Drei WM-Starts machen Kirchgasser richtig stolz
Eine Medaille wäre ein Traum für Michaela Kirchgasser. Der Riesentorlauf liegt der 21-Jährigen besonders am Herzen.

Foto © GEPAMichaela Kirchgasser
Wenn man als Österreicherin für Alpine
Schi-Weltmeisterschaften nominiert wird, dann kann man davon ausgehen,
dass man davor etwas geleistet hat. "Es macht mich sehr stolz, dass
ich es ins Team geschafft habe und für drei Rennen vorgesehen bin.

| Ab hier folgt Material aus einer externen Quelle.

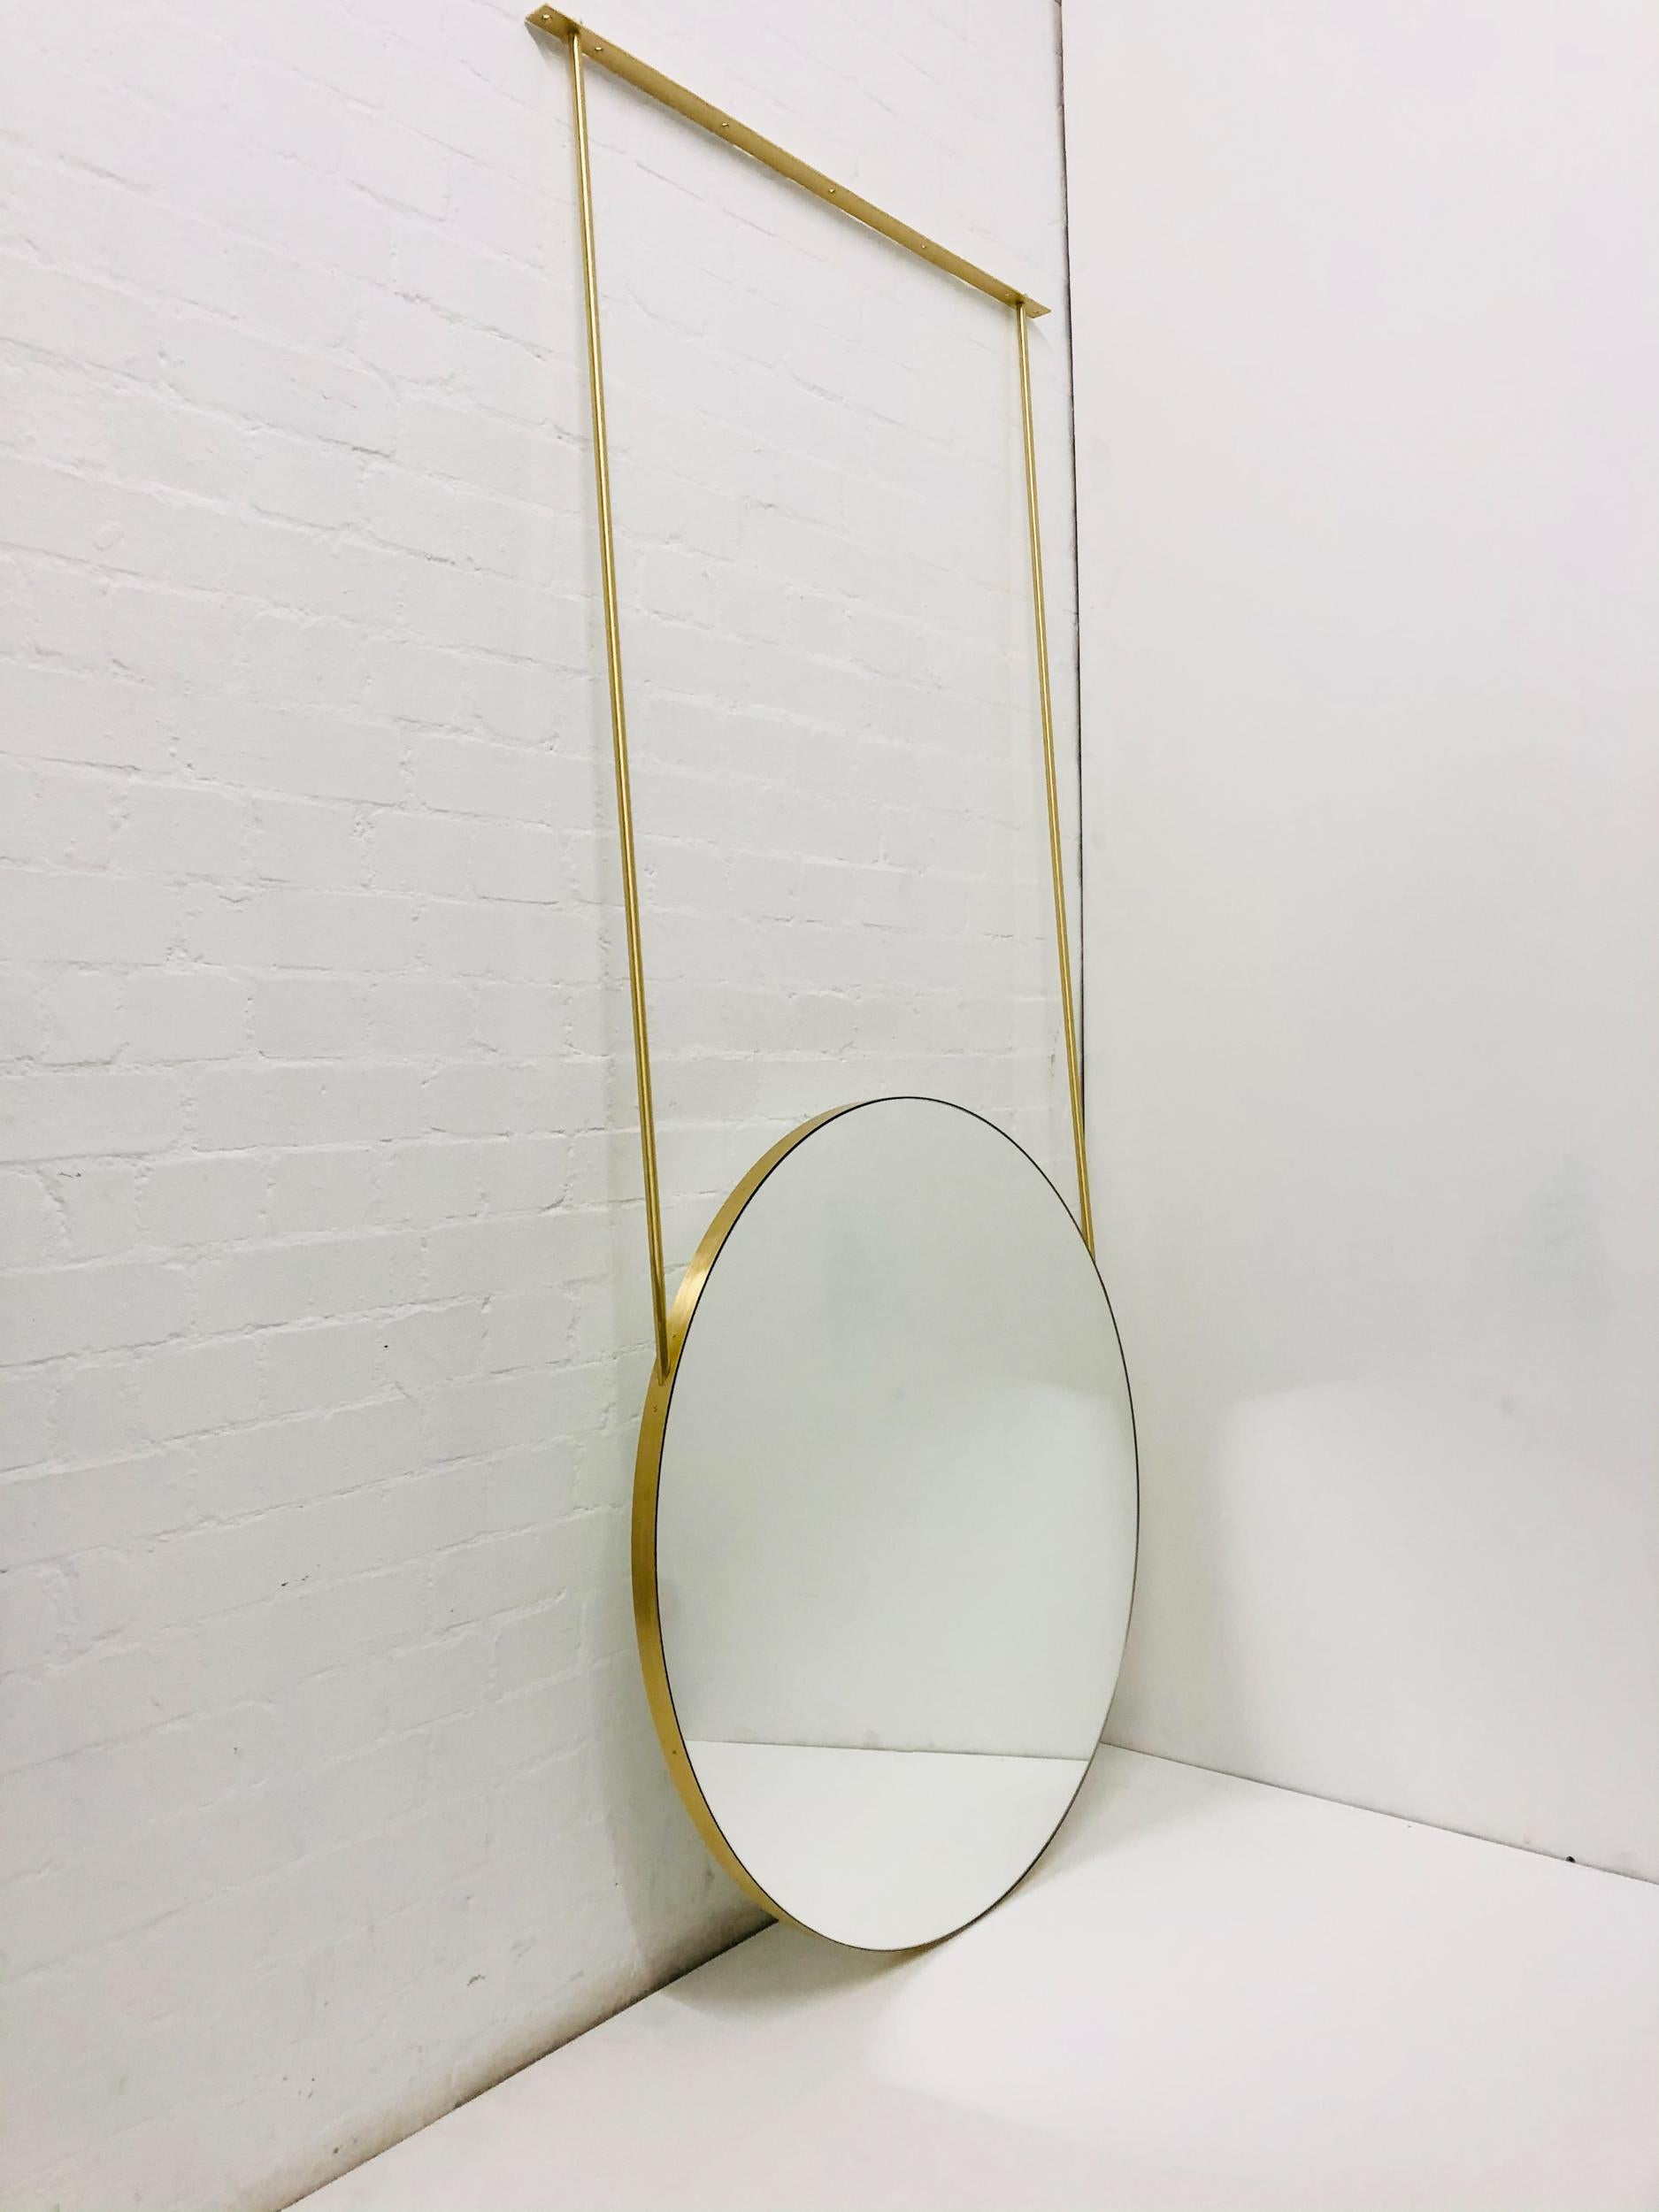 Exquisiter, moderner, an der Decke aufgehängter, doppelseitiger runder Spiegel mit einem eleganten Rahmen aus gebürstetem Messing. 

Abmessungen des Spiegels: 914mm (36

Die Chancen sind sicher da", sagte die Salzburgerin Michaela
Kirchgasser, die sich allerdings damit gar nicht näher beschäftigen
will: "Wenn ich anfange, daran zu denken, dann weiß ich, dass ich
ohne Medaille heim fahre. Aber vom Kopf her sieht es nicht so
schlecht aus."
Gut gelaufen. Von den Beinen her auch nicht, denn Kirchgasser war im Weltcup im
Riesentorlauf im WM-Winter schon Dritte, Fünfte und Achte, einmal
schied sie aus. Im Slalom kam sie zwei Mal nicht ins Ziel, landete
sonst aber auf den Plätzen sieben und acht, zweimal wurde sie Neunte.
In den bisherigen zwei Super-Kombinationen hat sie die Ränge zwei und
sieben zu Buche stehen. "Die Saison muss gut gelaufen sein, sonst
wäre ich nicht mit drei Startplätzen hier."
RTL. Sie persönlich würde sich besonders gerne im Riesentorlauf vorne
mit dabei sehen. "In der Super-Kombination gibt es neun Läuferinnen,
die gewinnen können, da ist die Dichte größer, da hast du Abfahrt und
Slalom, da muss alles passen. Ich wünsche mir sehr, dass es im
Riesentorlauf funktioniert, da habe ich mehr Sicherheit. Und es ist
meine Lieblingsdisziplin, über den Riesentorlauf bin ich in den ÖSV
reingekommen. Eine Medaille wäre ein Meilenstein in meiner Karriere,
ich arbeite auf Edelmetall hin. Und im Vorjahr hatte ich hier ein
super Resultat."
Keine Sorgen. Der Hang liegt ihr in der Tat, wie die Ergebnisse vom
letztjährigen Weltcupfinale in Aare zeigen, im RTL war sie Sechste,
im Slalom Achte. Dass sie die Generalprobe mit zwei Ausfällen in den
Europacup-Slaloms in Bischofswiesen verpatzt hat, bereitet ihr keine
Sorgen. Außerdem hat sie ja ihren Schutzengel mit, den ihr
"Gotendirndl" Michaela geschenkt hat. Vor den möglicherweise
schwierigen Bedingungen fürchtet sie sich ebenfalls nicht: "Aber ich
hoffe, dass der Wind keine tragende Rolle spielt."